In the aftermath of Crysis's launch, many players realized that its allegedly hardware-melting system requirements weren't as devastating as initially advertised. Many of those who took the plunge found developer Crytek's engine quite scalable, delivering great visuals while retaining a reasonable level of performance. As a result, a great first-person shooter ended up somewhat underappreciated due to all its obnoxious boasting.Ten months later, Crysis Warhead has managed to deliver a more refined game experience, though some of Crysis' flaws remain to haunt veterans.
In Warhead, the player steps into the rather flattering nano-suit of Raptor Team's Sergeant "Psycho" Sykes, a comrade of the previous game's protagonist, "Nomad." Starting at roughly the halfway point of the original and running parallel to its story, Psycho spends most of his time on the other side of the island, helping U.S. Forces battle the North Korean People's Army (KPA), eventually pursuing the dastardly Colonel Lee as he attempts to capture a strange piece of alien hardware. And as befitting of an expansion pack with further sequels on the docket, Warhead ends with more questions than answers, which will undoubtedly be addressed in coming portions of Crytek's planned trilogy.

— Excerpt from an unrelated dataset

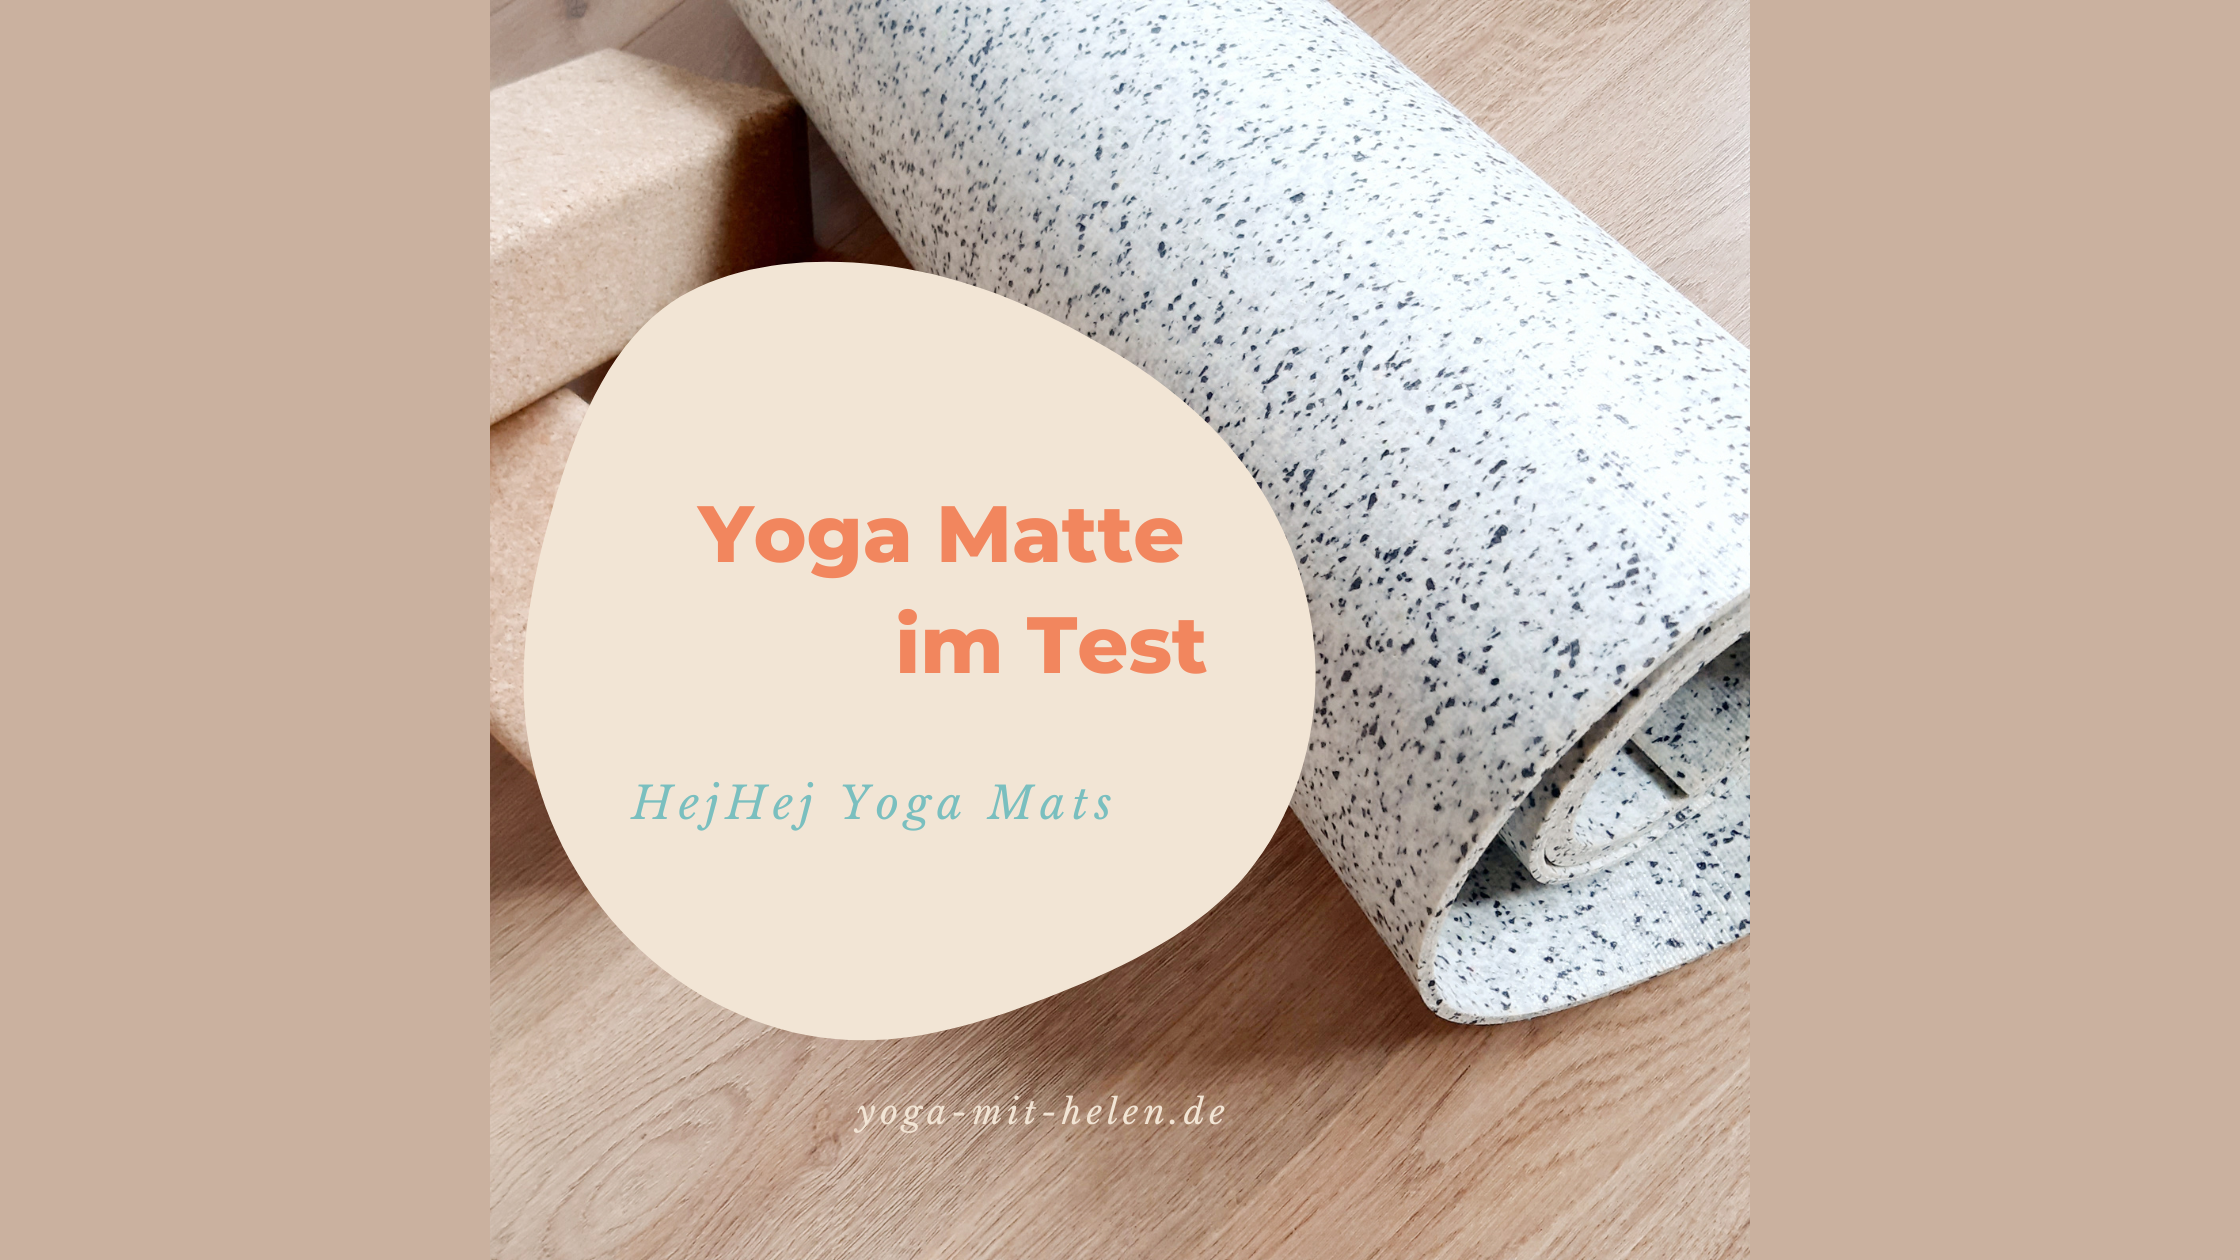 yoga-matte-im-test-hejhejmats

Given that Warhead's engine optimizations are a key selling point, it's important to regard technical performance. Running the game on my personal rig, which handled the original on "High" settings at a playable frame rate of 20-25fps I didn't detect any particular improvements in Warhead's performance over Crysis. Perhaps this is due to my machine not meeting the specs for which Warhead was optimized, but in the end I played the game on "Gamer" settings without much trouble besides some draw-in at the level beginnings and large drops during the chase sequences..

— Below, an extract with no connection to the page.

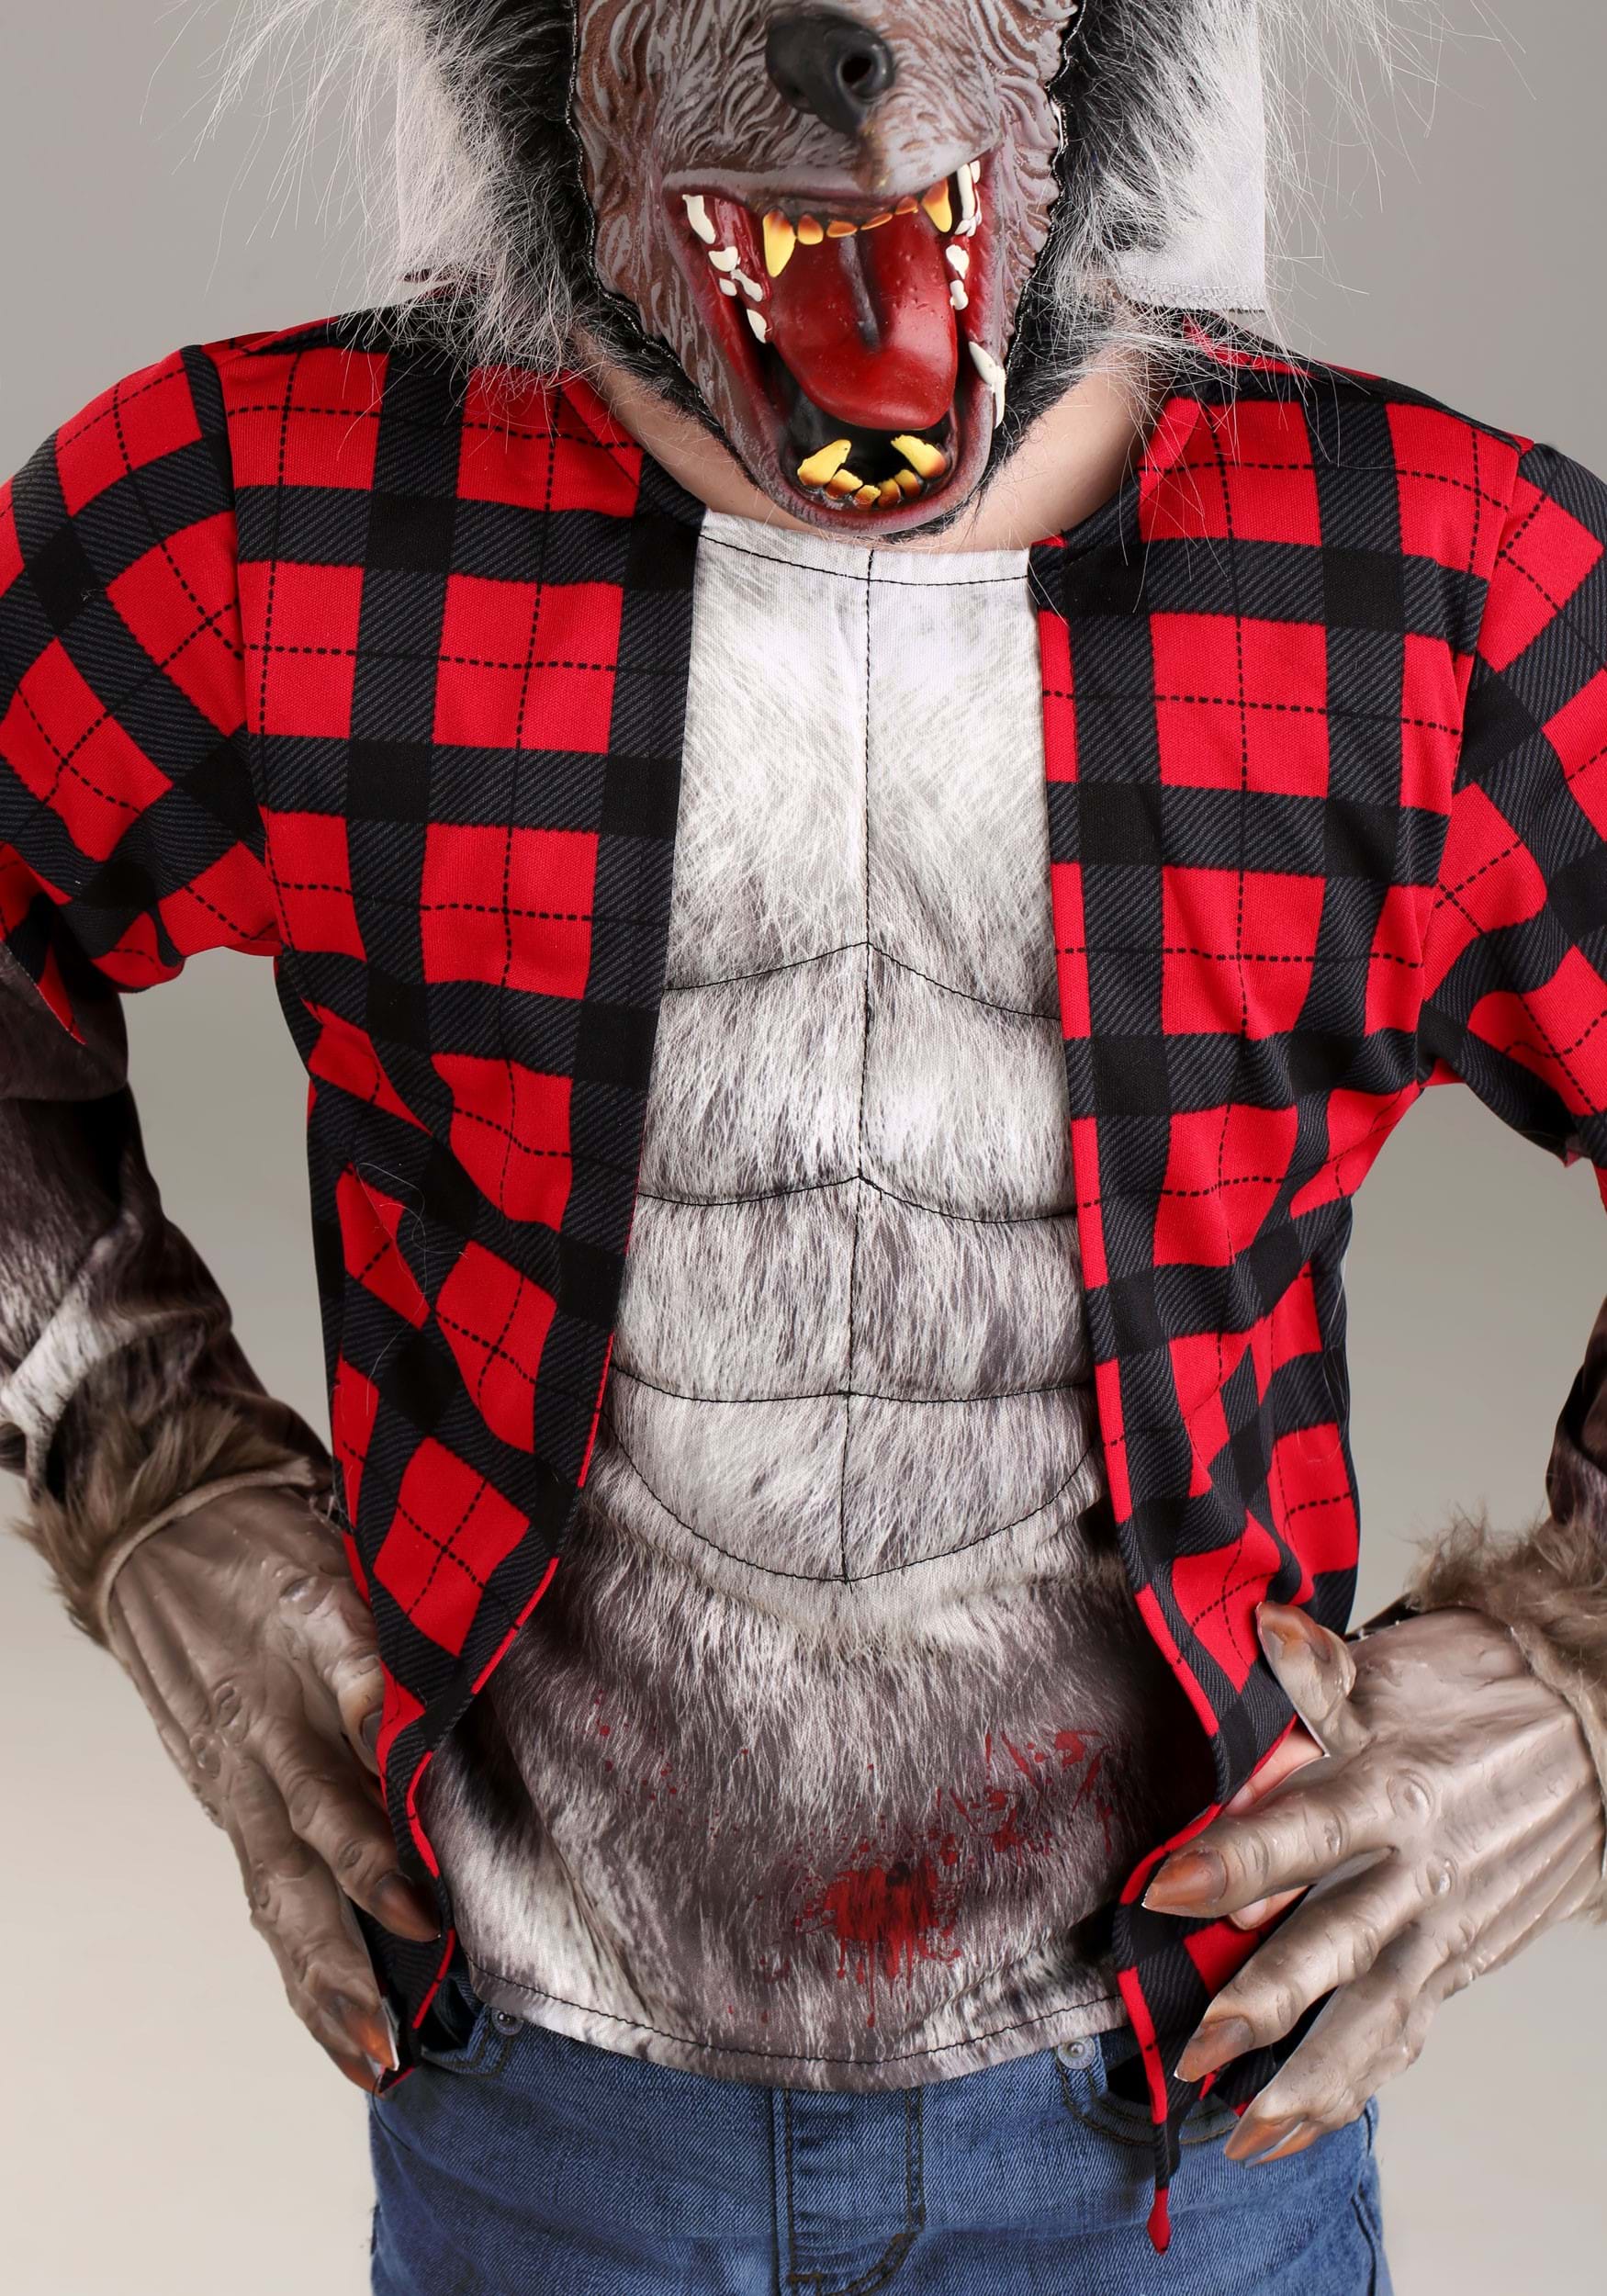 werewolf costume

Warhead's single-player campaign is superior in almost every way to Crysis'. Pyscho's Jason Statham-esque performance drips with personality, both in cutscenes and radio interaction with friend and Raptor Team washout Sean O'Neill. During the campaign he also gets to hook up with a team of fellow nano-suited soldiers, see (and participate in) frequent engagements between KPA troops and alien forces, and, most importantly, not have to bounce around in a boring alien spaceship. All in all, Psycho had a lot more fun on the island than poor Nomad.

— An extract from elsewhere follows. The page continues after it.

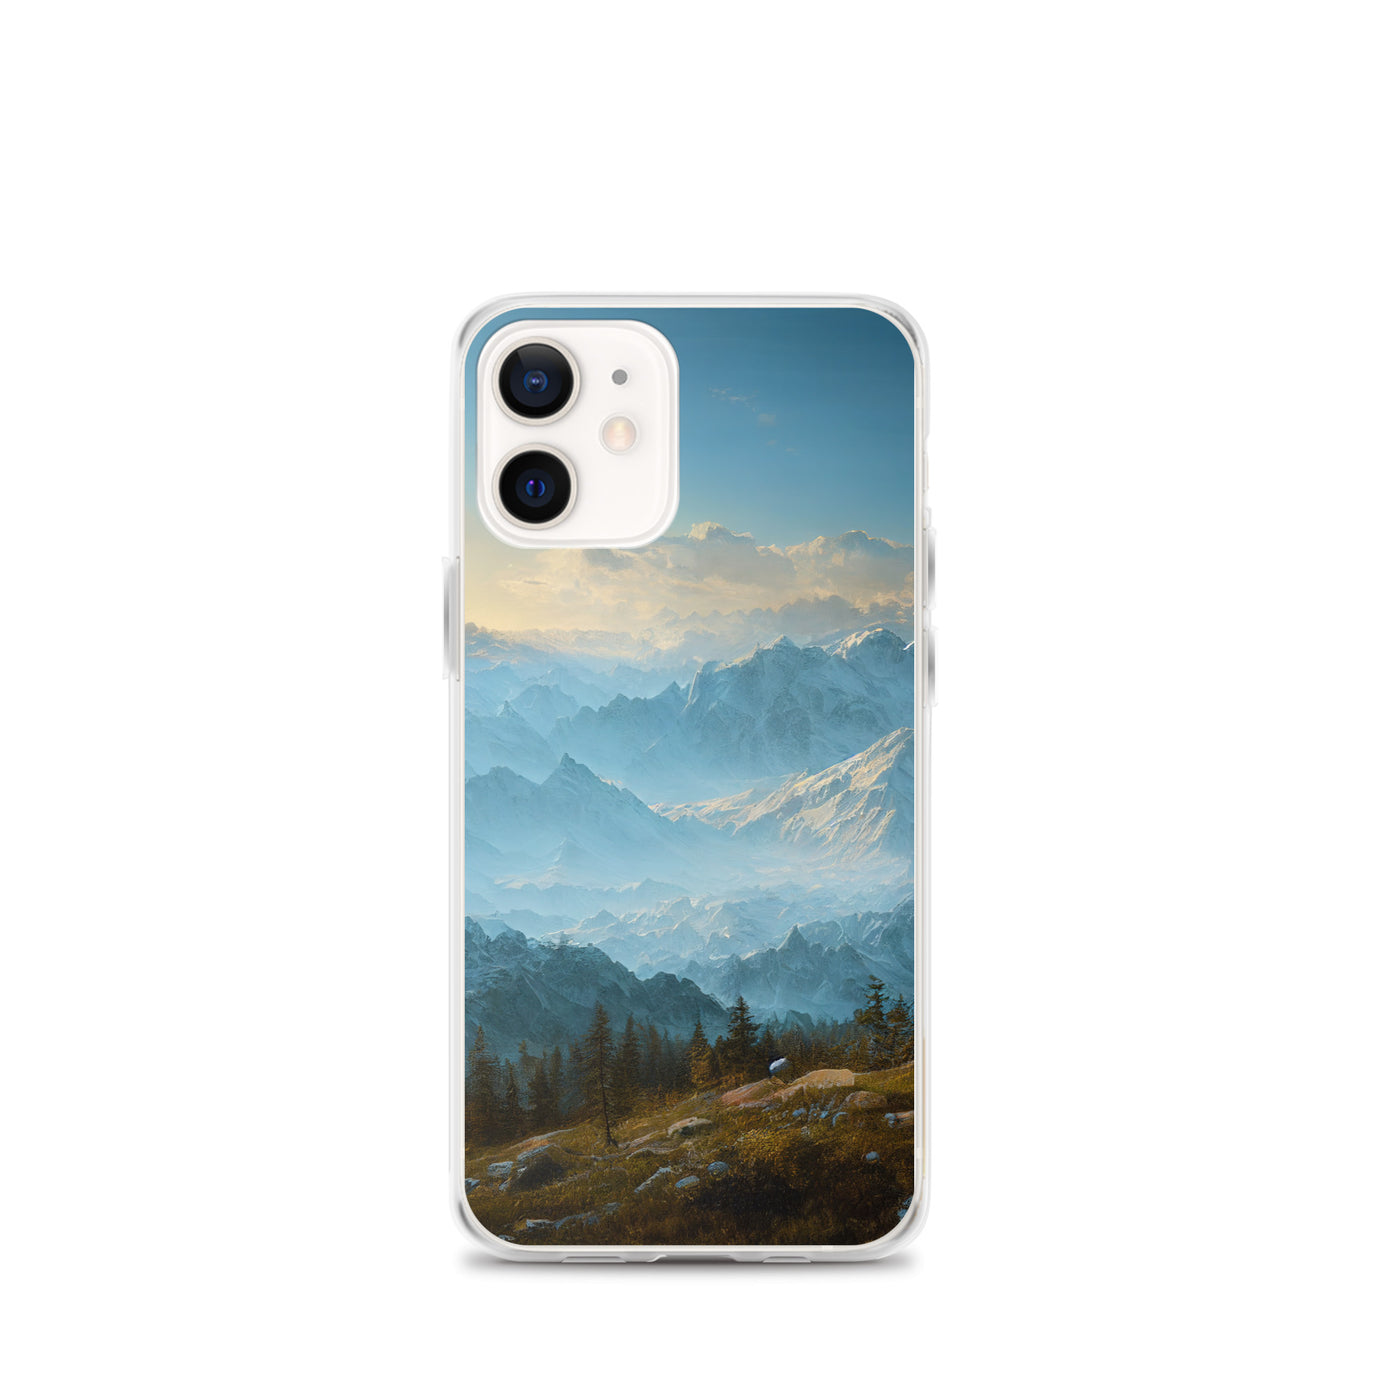 Schöne Berge mit Nebel bedeckt - Ölmalerei - iPhone Schutzhülle (durchsichtig) berge xxx iPhone 12 mini

Each encounter is loaded with enemies and opportunities to vary tactics and approaches. Warhead's prime gimmick is, of course, the nano-suit, a special uniform that grants its user a variety of superpowers, including rapid Speed Mode dashing, Strength Mode-assisted high jumps, and an infinitely useful invisibility cloak. The superpowers really do give a feeling of omnipotence and great tactical freedom, and thankfully the game's level design allows for ample opportunity to explore that. You can use Strength mode to clamber to a high sniping spot atop a normally inaccessible roof, use Speed mode to dodge an alien's beam attack, or switch on your Cloak to sneak up behind an unsuspecting guard, grab him by the neck, and fling him off a cliff. That last bit never gets old.